Lebreton and Bayview will be densified. Then again, look at the amount of "green" space in the Lebreton Plan. It has high density housing but it's all surrounded by a mini-greenbelt, as if to say that it will "lessen the impact". The impact of what? It's a brand new neighbourhood. You move in there, you choose. That's what you buy into. "Impacts" and all. The only thing that will do is to introduce a new useless wedge of green that adds to what you just said. The "impact" of this green corridor around Lebreton is to increase distances (and pedestrian effort) to and from downtown. We do need parks, of course.
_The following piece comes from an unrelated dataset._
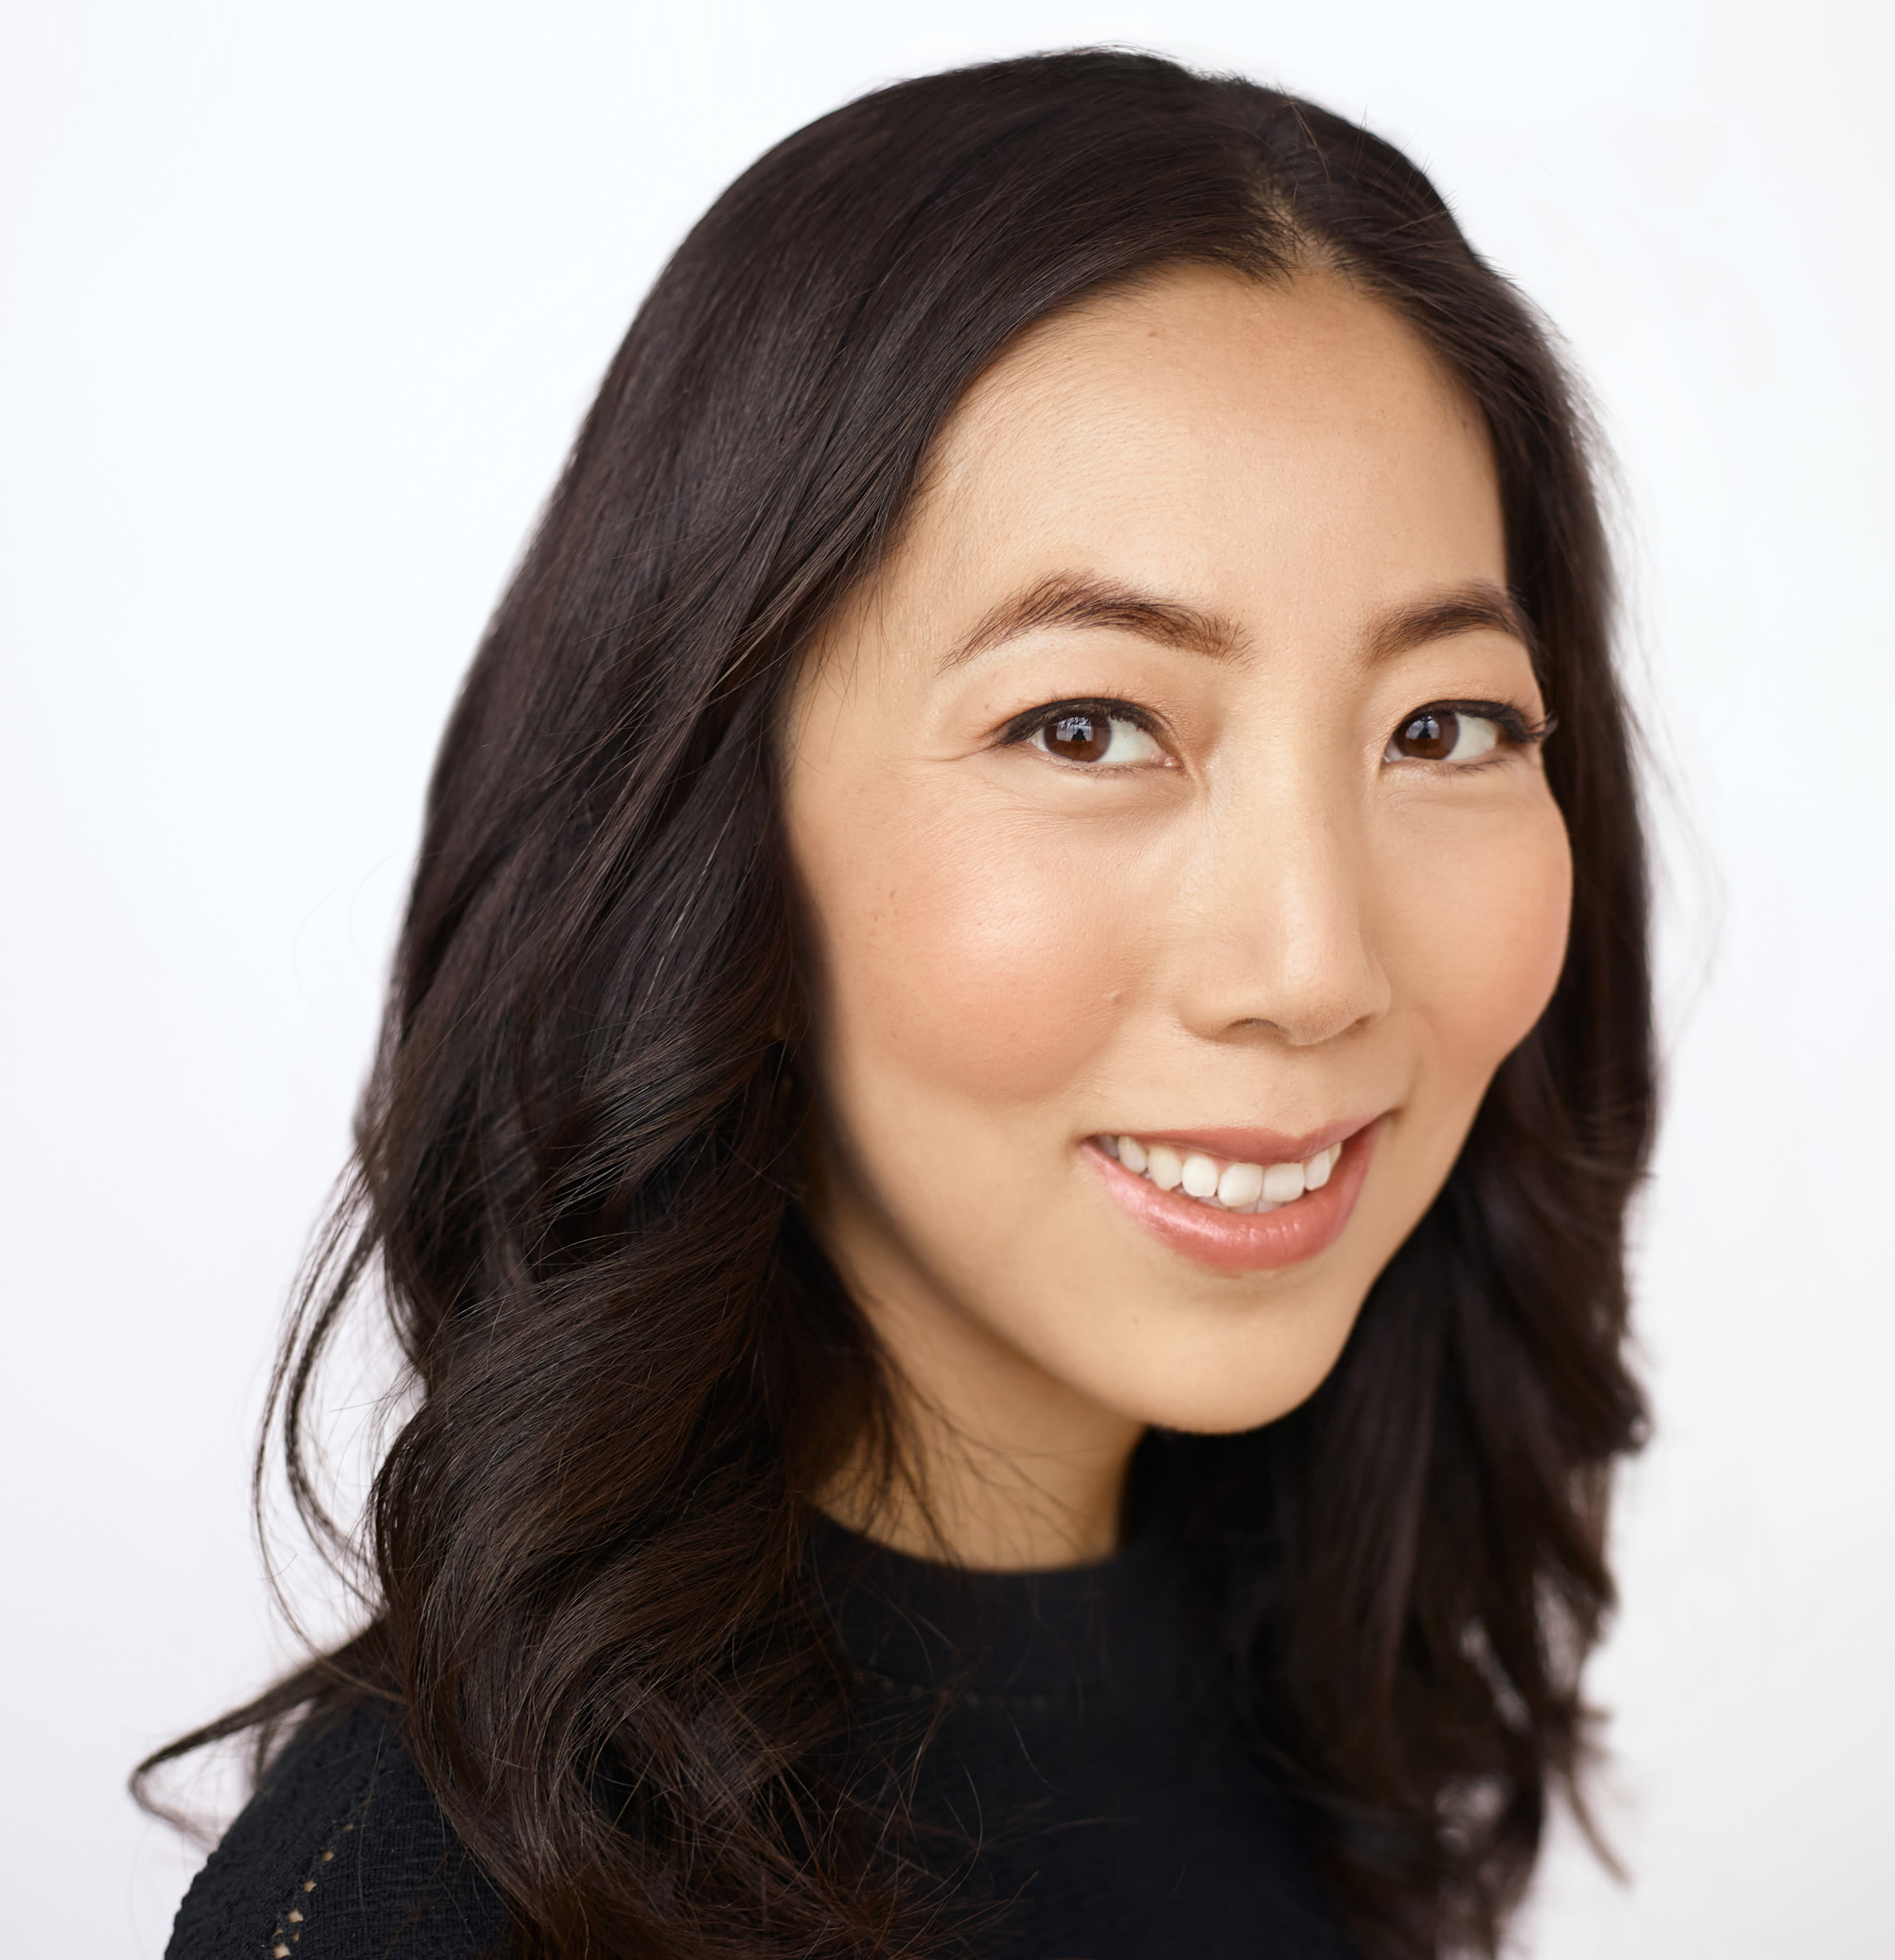 Handout: Julie Zhuo

Can we not agree to put them where they'll be useful, instead of using them to get in the way of decent connectivity?

And then, we'll probably hear that the lawns of Tunney's Pasture are a jewel of green in the urban jungle, the lung of the neighbourhood, etc., and on it goes until you can't touch anything or do anything meaningful anywhere. There's actually a heritage movement afoot to designate modernist and brutalist buildings to "preserve them as unique witnesses of their times" - so, what will that mean the day that a real plan for Tunney's comes along?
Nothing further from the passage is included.